Repeat the listing below word for word, minus the pictures.

Given material:
========
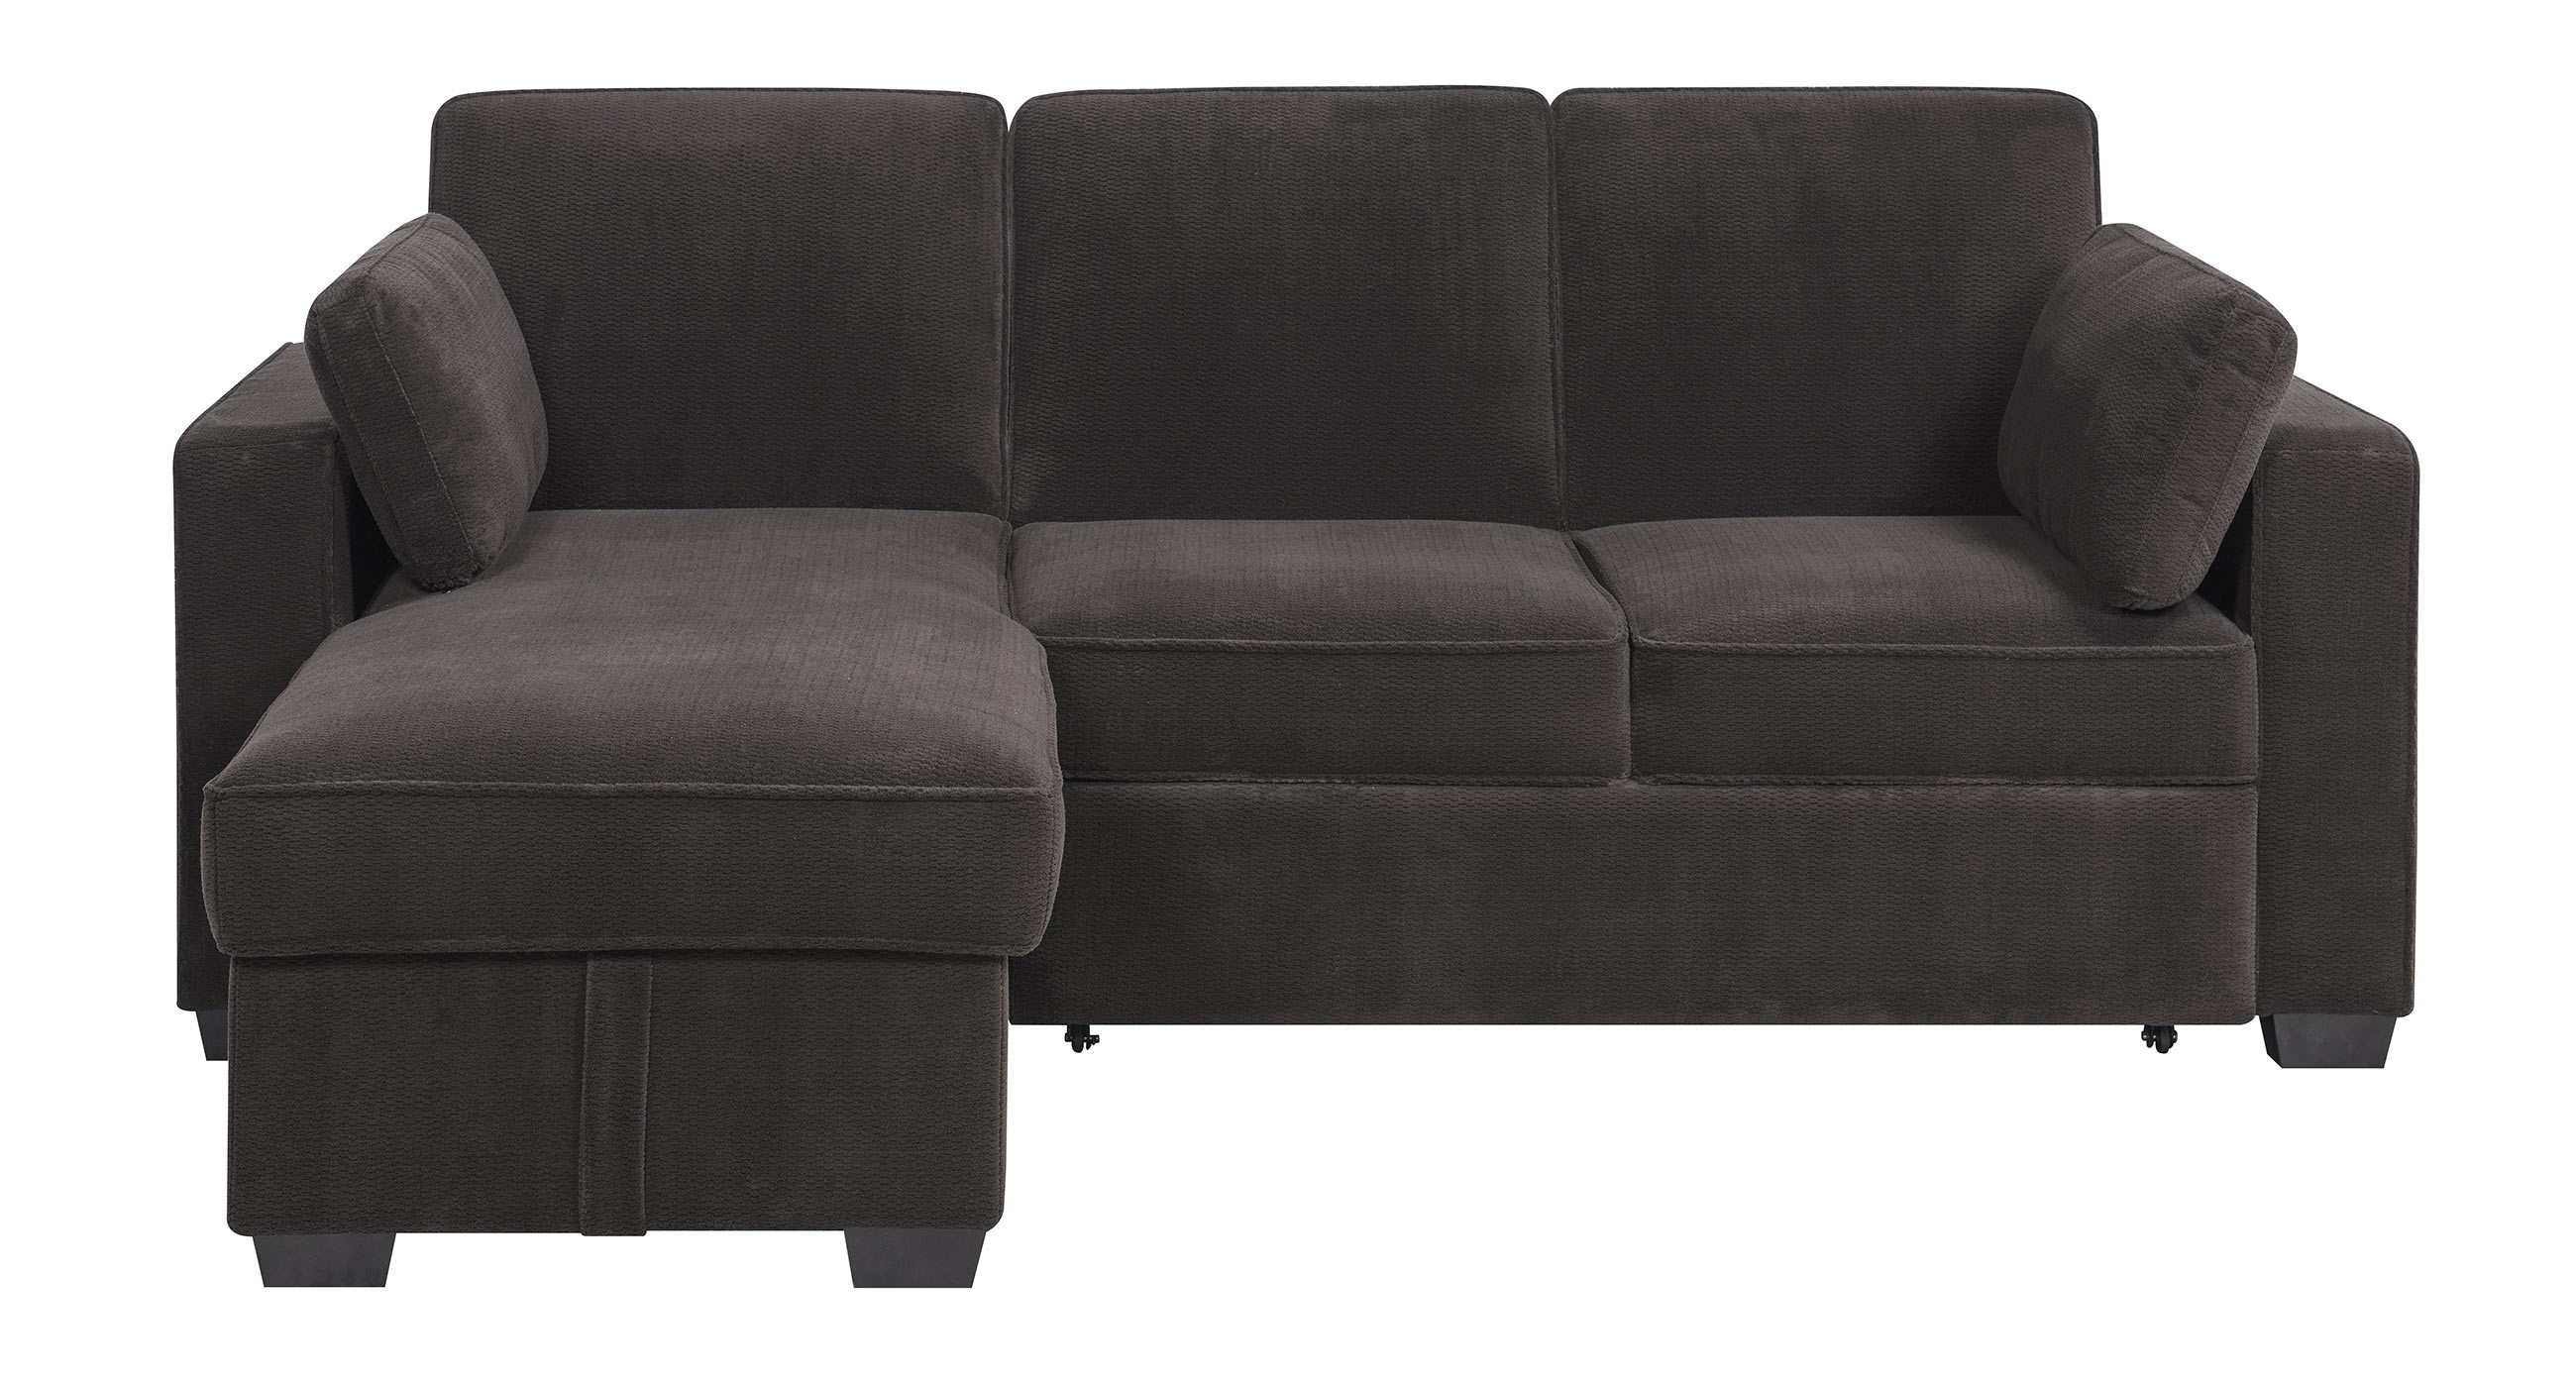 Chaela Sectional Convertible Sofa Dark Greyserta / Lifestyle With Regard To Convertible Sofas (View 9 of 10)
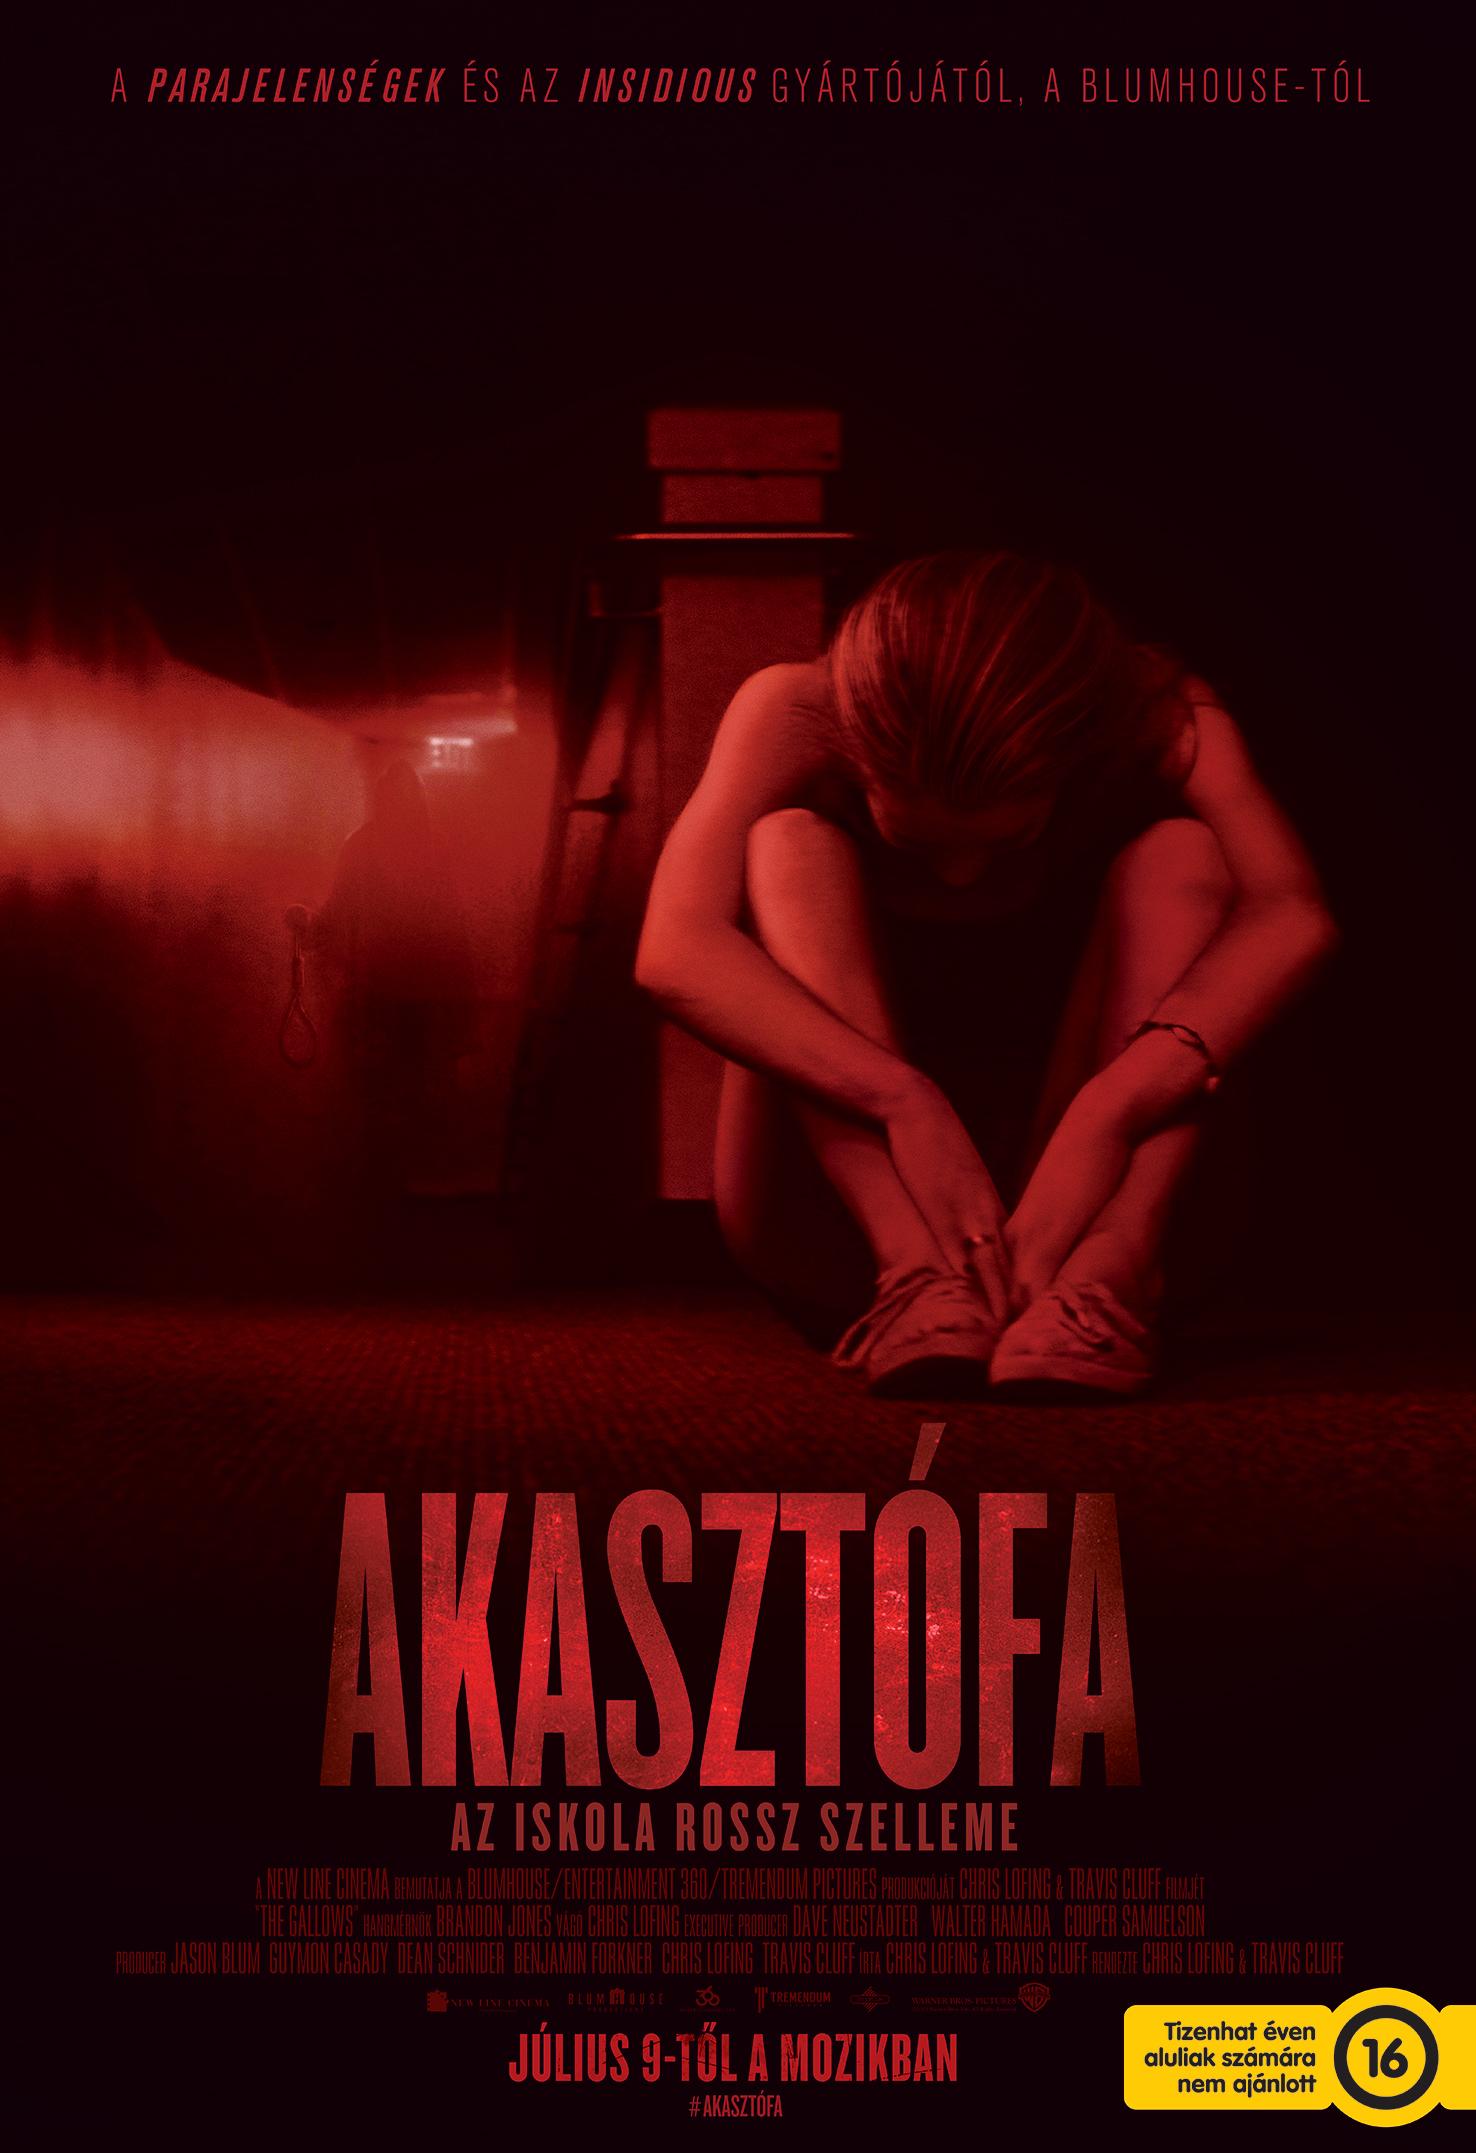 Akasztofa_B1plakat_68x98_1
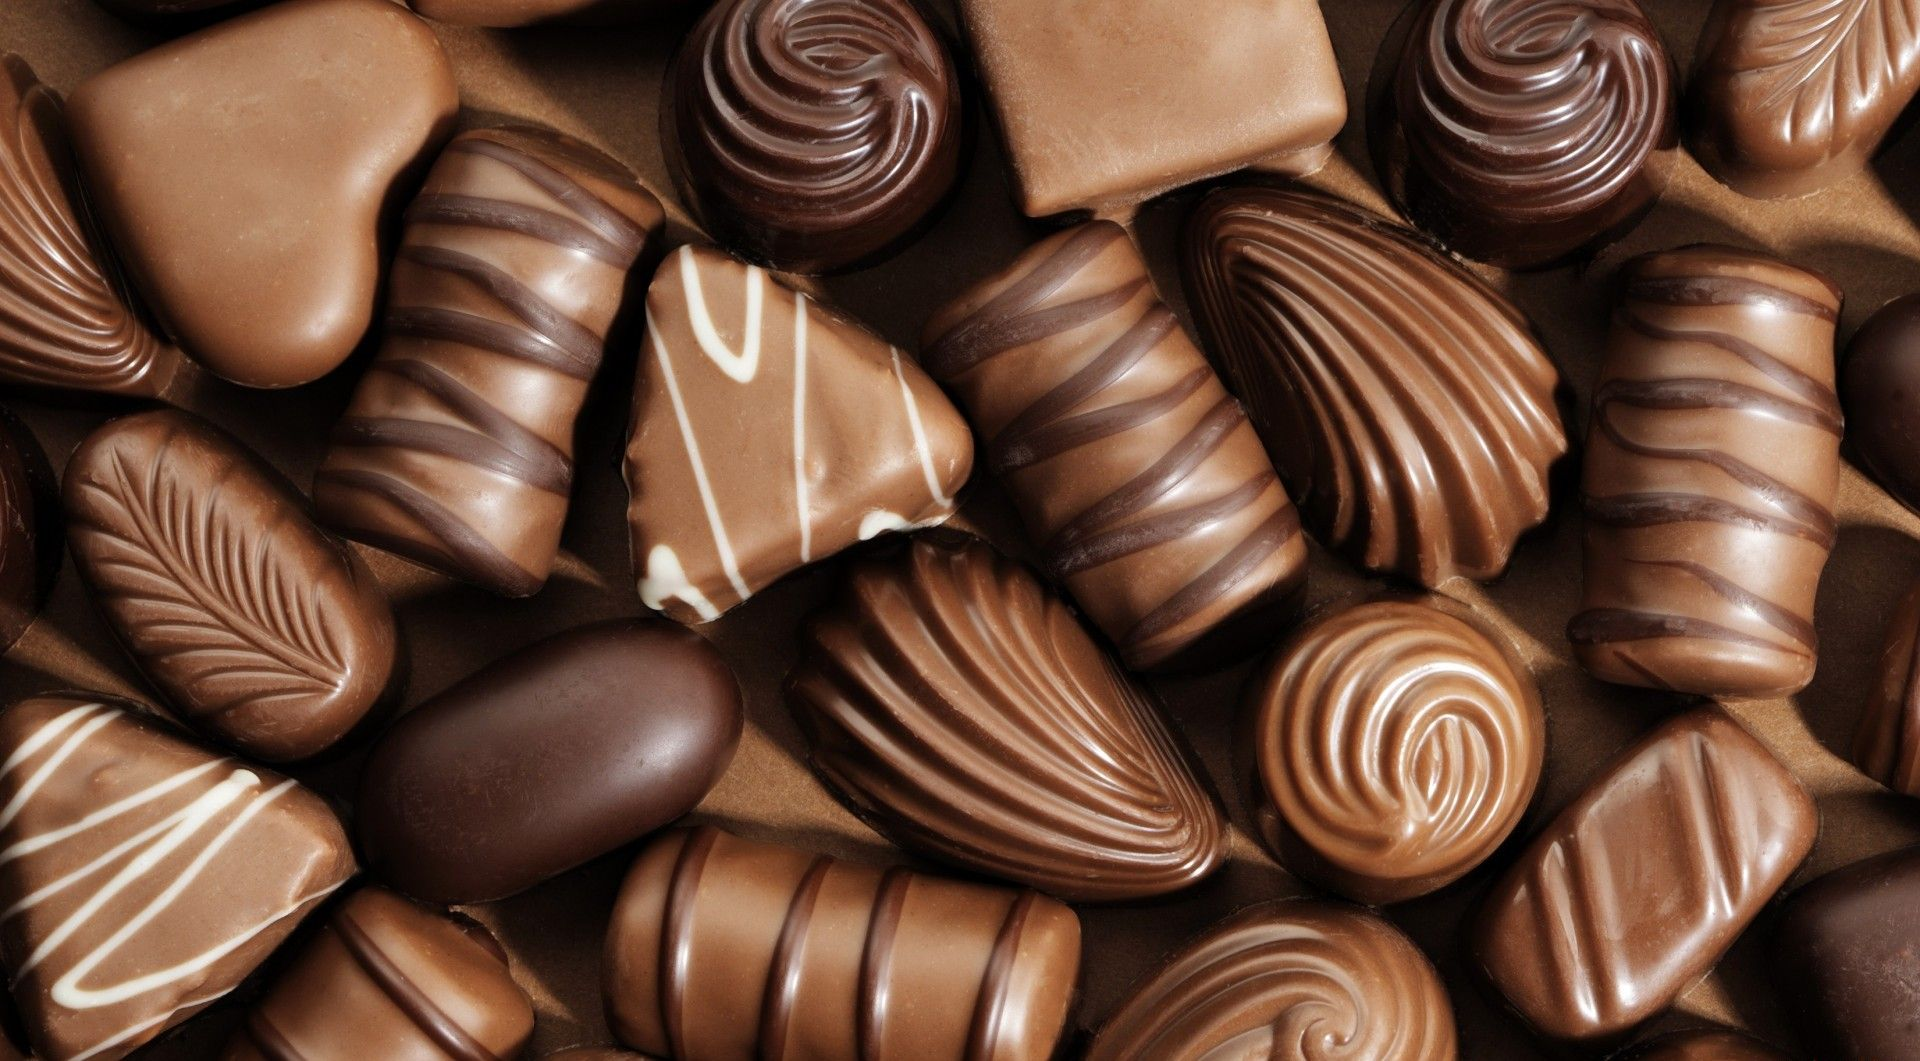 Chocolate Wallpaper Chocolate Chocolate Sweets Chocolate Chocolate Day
========
Exercise result:
 Chaela Sectional Convertible Sofa Dark Greyserta / Lifestyle With Regard To Convertible Sofas (View 9 of 10)
 Akasztofa_B1plakat_68x98_1
 Chocolate Wallpaper Chocolate Chocolate Sweets Chocolate Chocolate Day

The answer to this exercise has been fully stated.